The courage to write poetry is to let the very act of writing it fall apart and let it come back together again, if that’s what it wants to do, and just be honest about it as it is and as you are, and as you are who you are at one place in time, understand that it all changes and you might not be exactly that for them anymore, how you thought, or how they thought. How are you different—today?
To write this goes so far beyond being known as the one who writes it, beyond the place it’s shouted, to be asked about it, asked to repeat it, asked for more of it, to be demanded to release the secret recipe to a public consumed by millions of bits of media-ideation pushing memes, dreams, and nightmares to new levels.
As ideas materialize they don’t always make for the best of conversations, nor should they be a part of the conversation, at least the ones you’re invited to.
I’m a fan of the idea that once you get started with something you can get infatuated for awhile, and over time possibly lose interest, but you’ve still been marked by the thing.
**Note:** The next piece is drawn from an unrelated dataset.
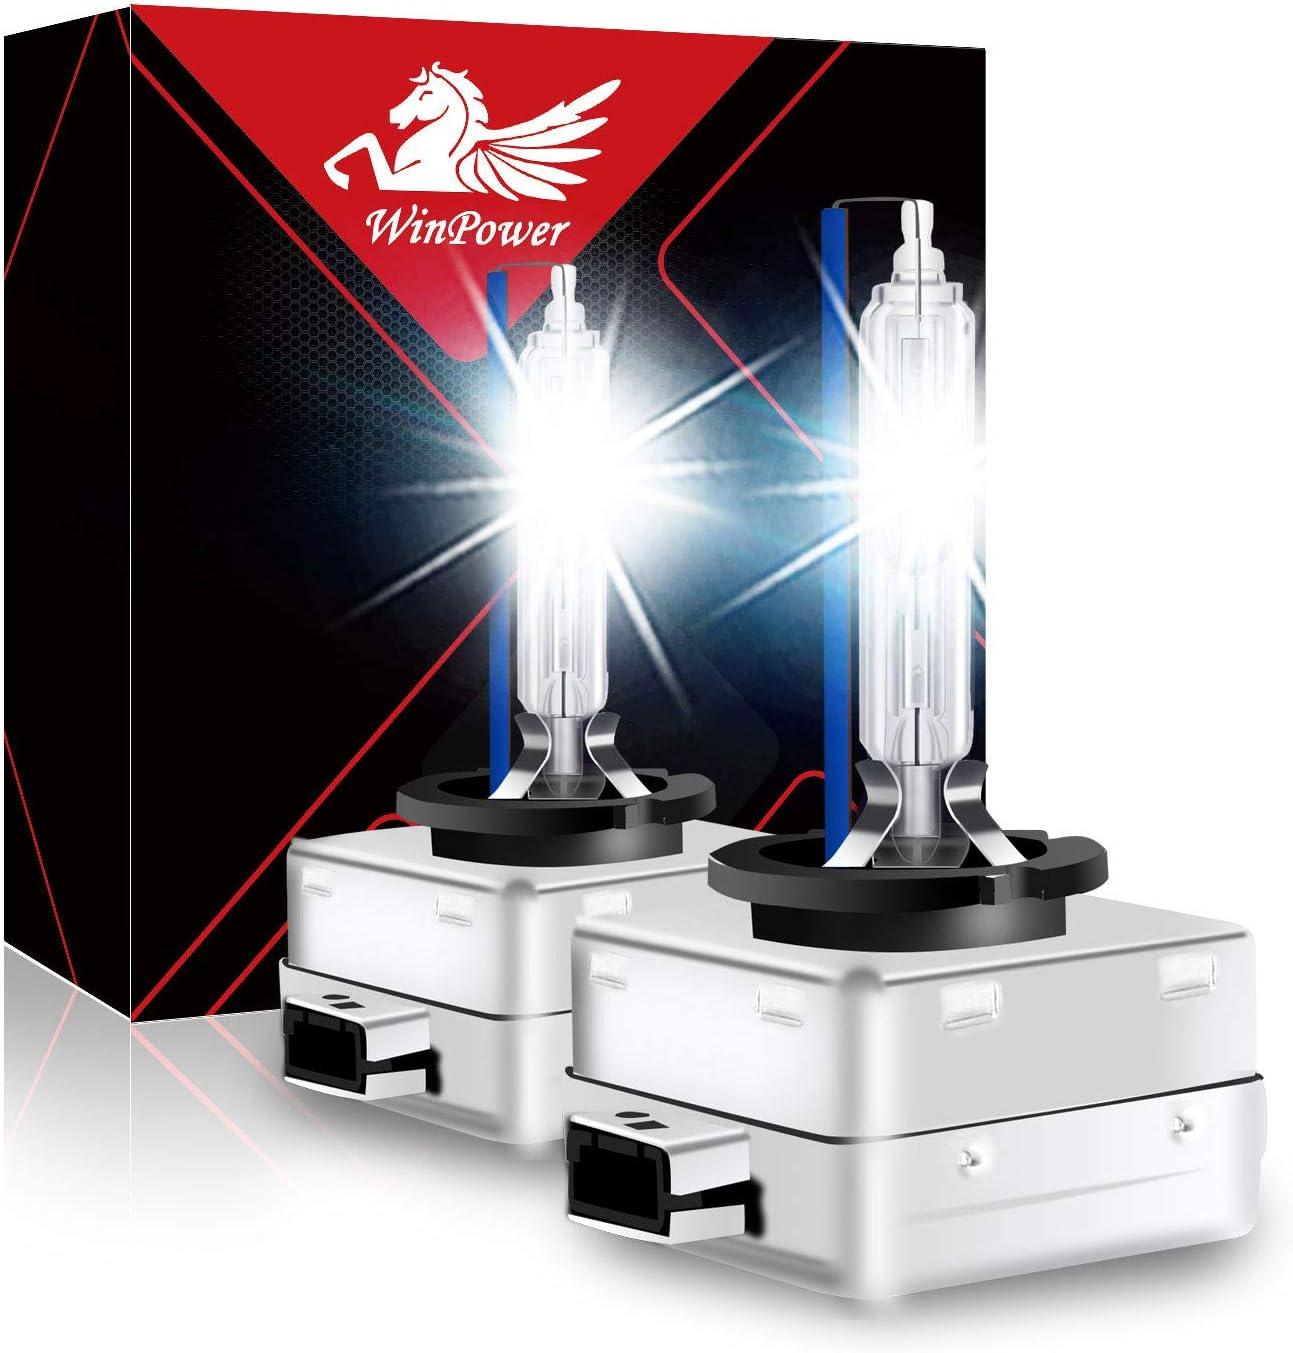 WinPower D1S 35W Bulbo del faro de xenón Lampara de descarga Reemplazar kit para bombillas HID de coche 8000K Blanco frio (2 Lamparas)

Suddenly you’re swept back up by a mysterious momentum, or someone else burning, might, in some strange way, take you under their wing.
Be alone and sit still and process this life for a bit as it’s natural to do so, for as long as children aren’t starving in your corner, and never announce a verse from the very beginning. It’s not exactly the same as having a baby that always pops out.
Ideas flip and fizz into the abortion bin as quickly as a hand turns a staticky AM radio dial.
Verbalizing poetry is humbling, tricky, difficult, enriching, otherworldly. It helps you weed out your fake friends for your true friends who will stick with your poetry. Poetry can do this for you.
Confirm with the Devil of Hell’s Kitchen—everything is on fire and you can write it all.